Наташа выпрямилась, будто от удара током.
— Что?… — потрясенно проговорила она. — Что ты сказала?
ВИДЕНИЕ
Раньше Виктор был твердо убежден, что искусство должно служить высоким духовным целям, именно поэтому он никогда не работал на улице или в подземных переходах, как это делали многие его знакомые художники. Он считал ниже своего достоинства заниматься такой халтурой, а тем более кормиться с нее, это было что-то вроде жизненного принципа.
Теперь же, когда дар живописца спас его от вытрезвителя, Клюев находился наверху блаженства. Он вольготно раскинулся в кресле и напустил на себя важный, даже какой-то неприступный вид.
— Слушай, Репин, а поссать у тебя можно? — заискивающе спросил рослый, едва патрульный автомобиль въехал во двор старого кирпичного дома, в подвальном помещении которого и располагалась мастерская. — На таком морозе даже ширинку боязно расстегнуть.
Разве Виктор имел моральное право отказать служивым в столь пустяковой услуге?
— А может… — Он многозначительно щелкнул пальцем по горлу. — У меня есть.
— Я за рулем, — с сожалением произнес стриженый.
— А я на службе. Как-нибудь в следующий раз, ага?
— Ловлю на слове. — Клюева пробило какое-то необъяснимое веселье. — Пошли, покажу вам свои хоромы.
Хоромы — это конечно же сильно сказано. Мастерская представляла собой темный подвал без окон, со вздутым от дождевых подтеков потолком и обшарпанными стенами, к которым в три ряда были приставлены картины — большие и маленькие.
— М-да, мрачноватенько… — Пока водитель, сладко покряхтывая, справлял нужду, рослый осматривался по сторонам. — Как же ты тут один?… Не боишься? И замок на двери висячий, любой железкой сорвать можно…
— А чего бояться-то? — Виктор привстал на цыпочки, дотронулся до висевшей на проводке лампочки, и мастерская залилась желтоватым танцующим светом. — Кому нужен нищий, непризнанный художник?

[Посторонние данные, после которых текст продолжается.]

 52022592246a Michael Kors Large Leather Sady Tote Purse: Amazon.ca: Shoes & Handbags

— Значит, до популярности еще далеко? — полувопросительно-полуутвердительно заметил рослый.
— Какая уж там популярность?… — Клюев сдернул с мольберта покрывало. — Вот моя последняя работа… Никак закончить не могу…

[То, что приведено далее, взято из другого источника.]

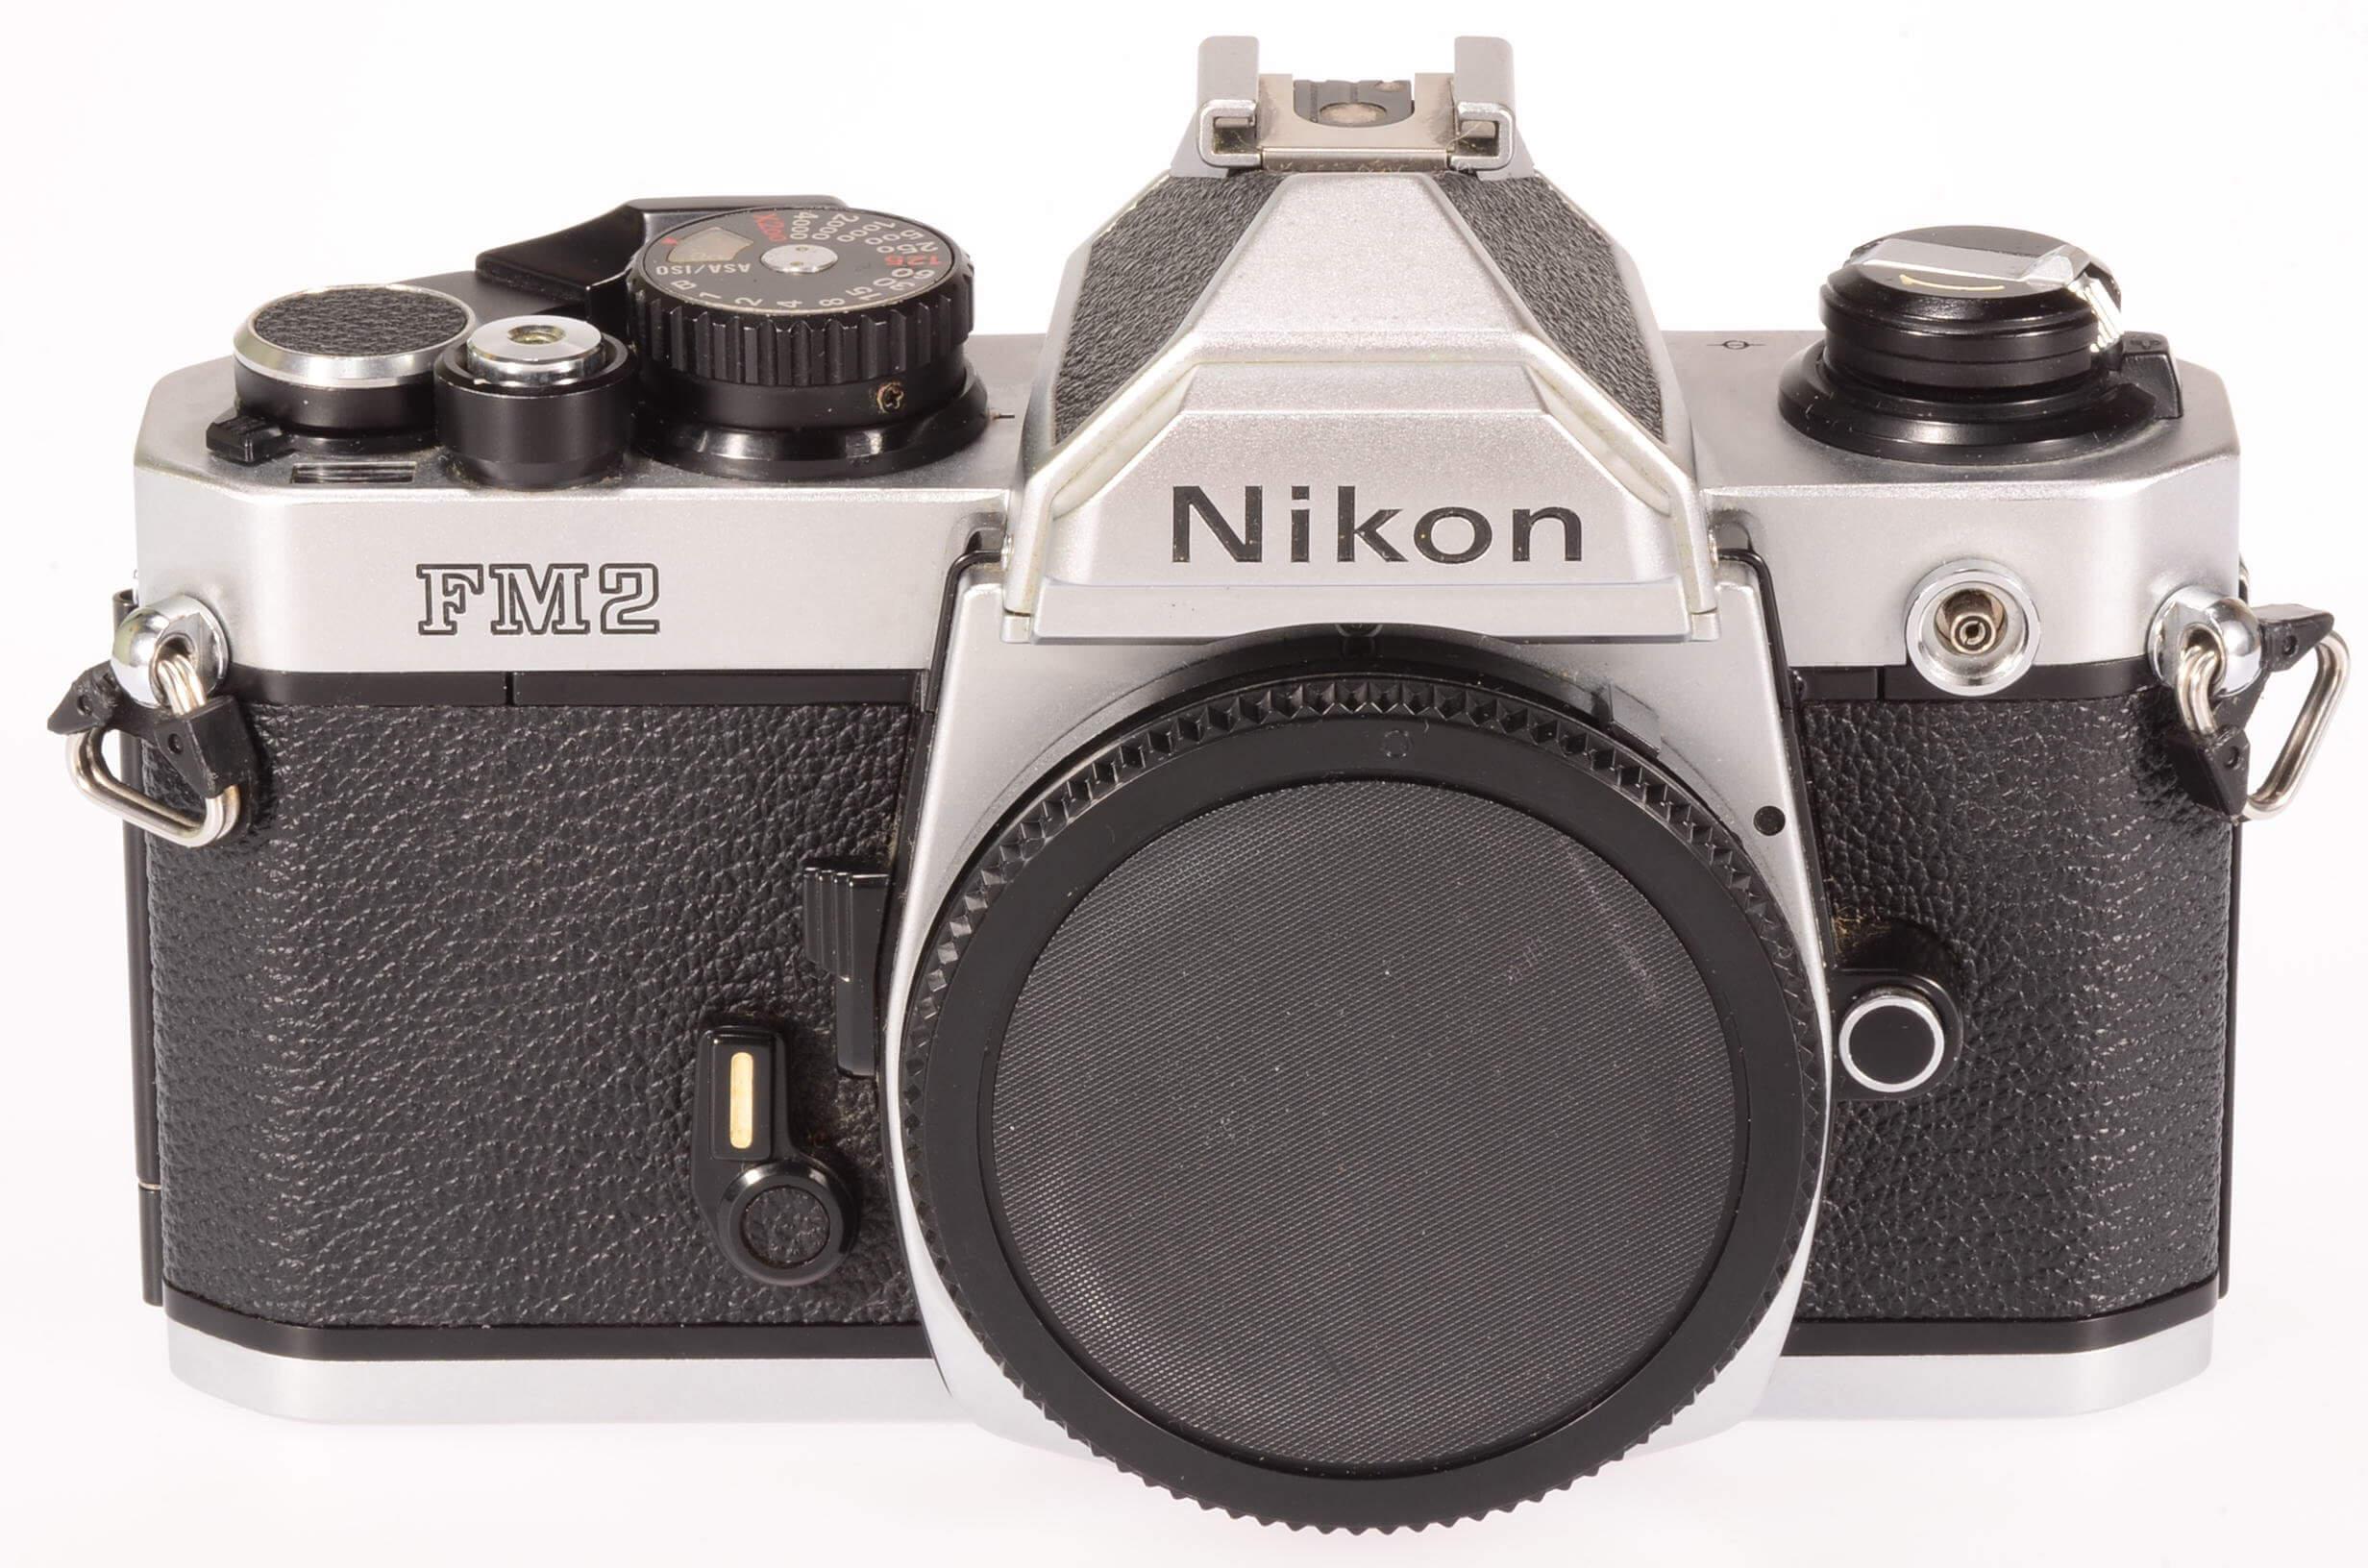 Nikon FM2 body, chrome, almost mint

По холсту в разных направлениях расходились синие, зеленые, красные и желтые пунктирные линии, а сквозь них на небесно-голубом фоне просматривались неясные контуры человеческих лиц.
— И как будет называться это?… — Рослый не решился дать точное определение подобному роду живописи.
— «По ту сторону».
— По ту сторону чего?
— Не знаю… — пожал плечами Виктор. — Просто «По ту сторону»… Пусть зритель придумает сам…

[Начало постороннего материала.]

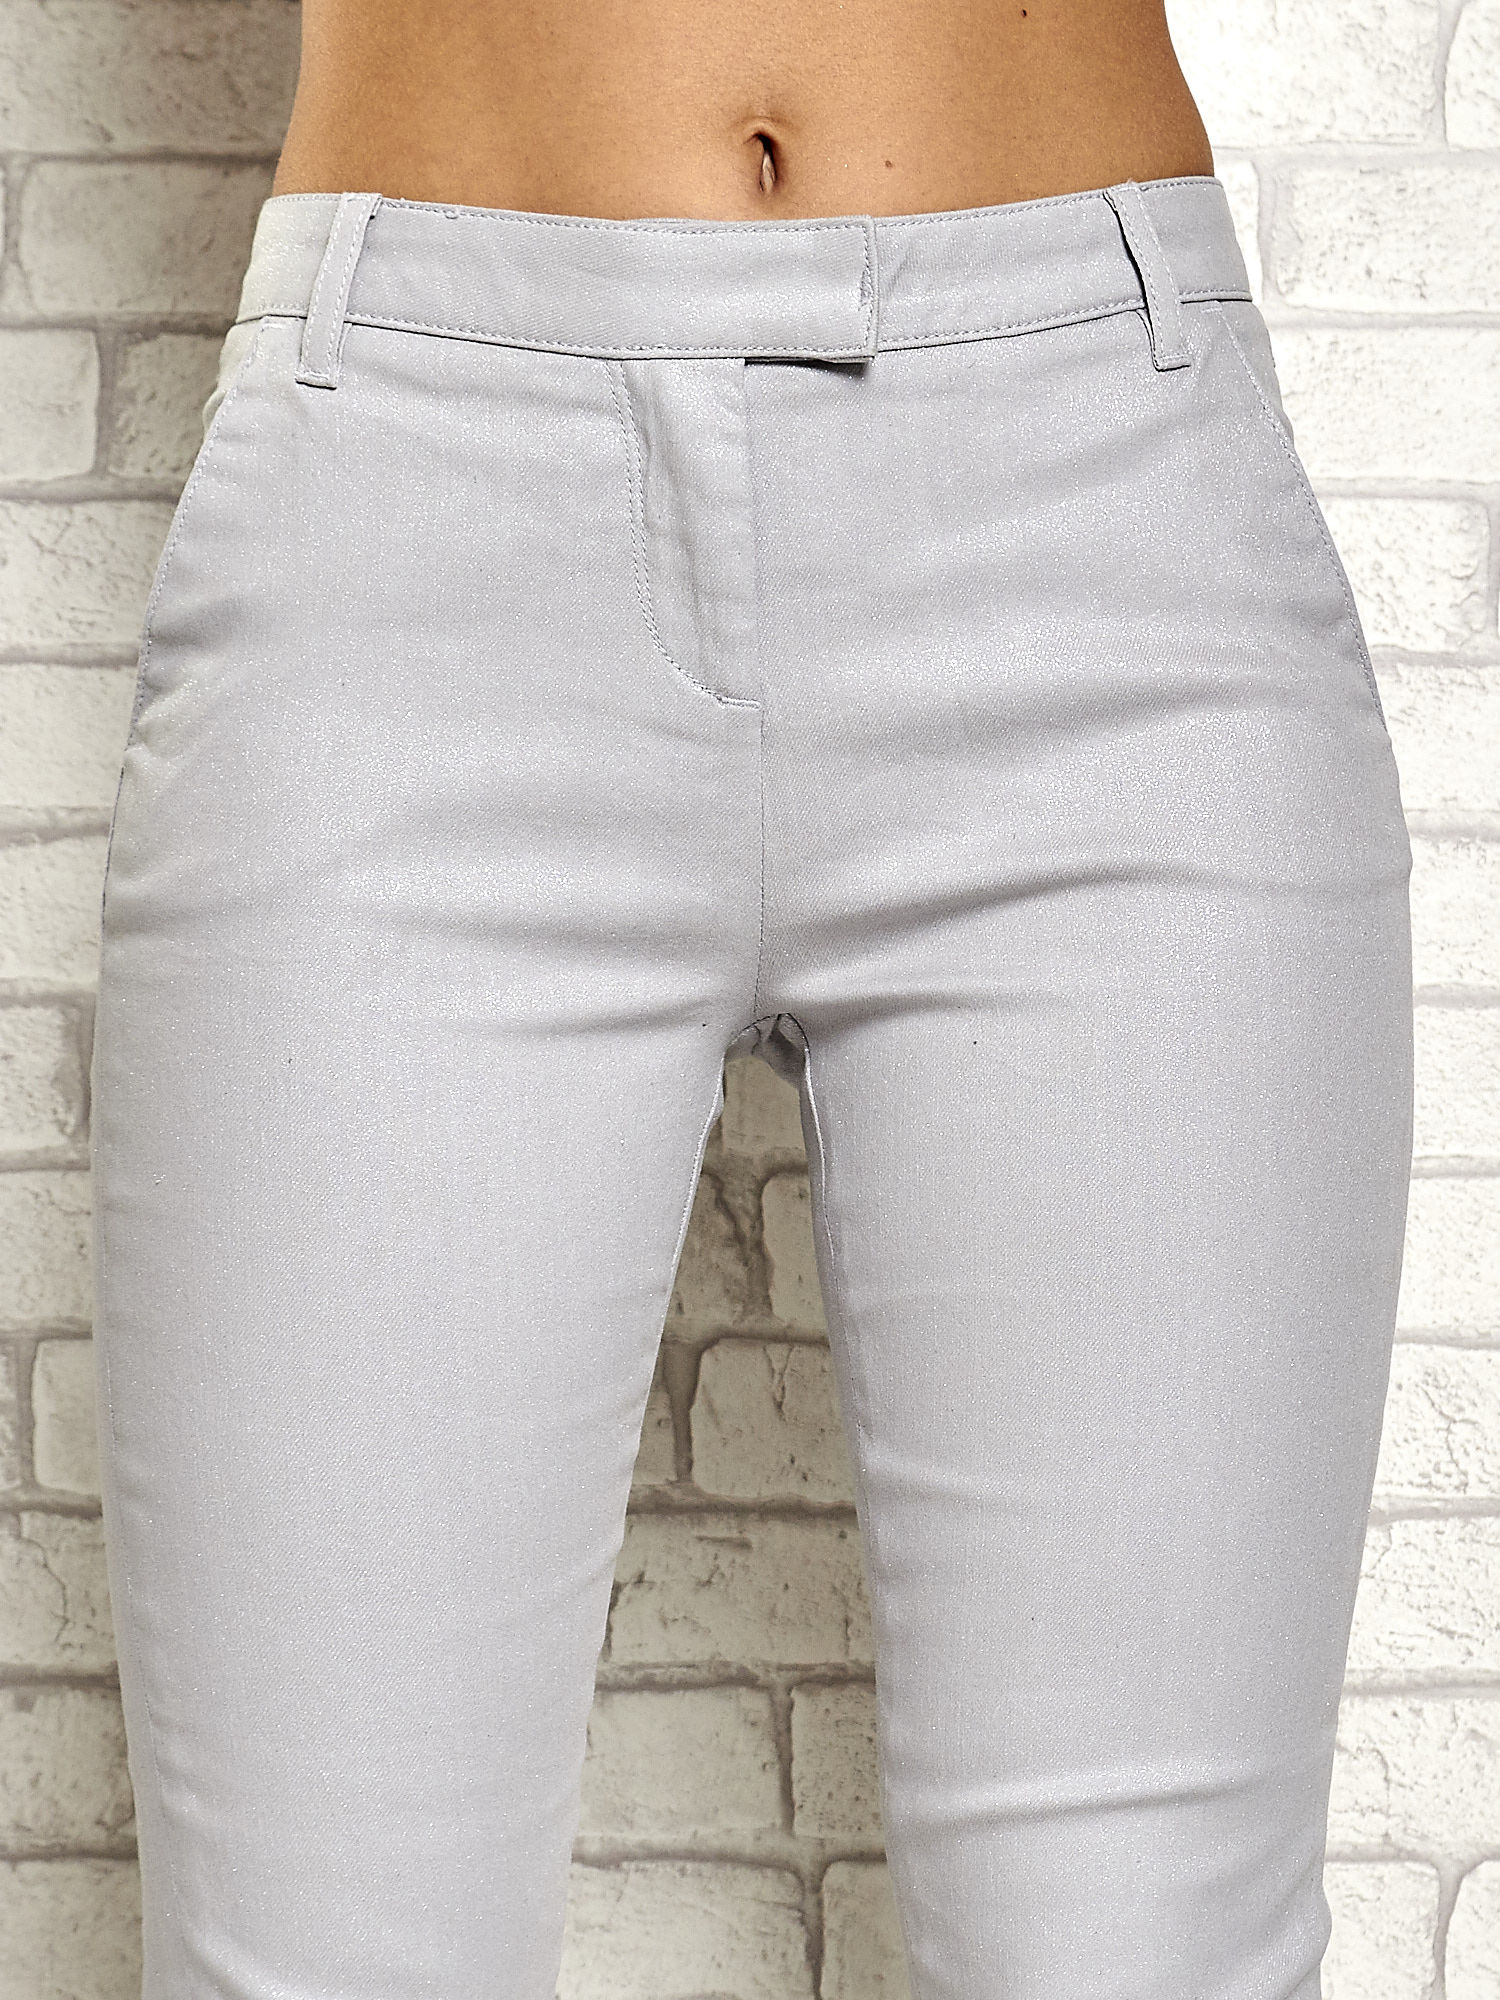 Srebrne brokatowe spodnie                                  zdj.                                  4

— Знаешь, Репин, мне тут одна мыслишка в голову пришла, — к разговору подключился стриженый. — Ведь часто так бывает, что при жизни о художнике ни сном ни духом, а стоит ему умереть, как он сразу становится знаменитым, его картины скупаются за бешеные бабки.
— Не так уж часто, но бывает, — согласился с ним Клюев.
— Так как ты на это смотришь?
Виктор еще ничего не понимал. Он не принял этот вопрос буквально, решив, что парень просто ударился в чуждые его профессии философствования.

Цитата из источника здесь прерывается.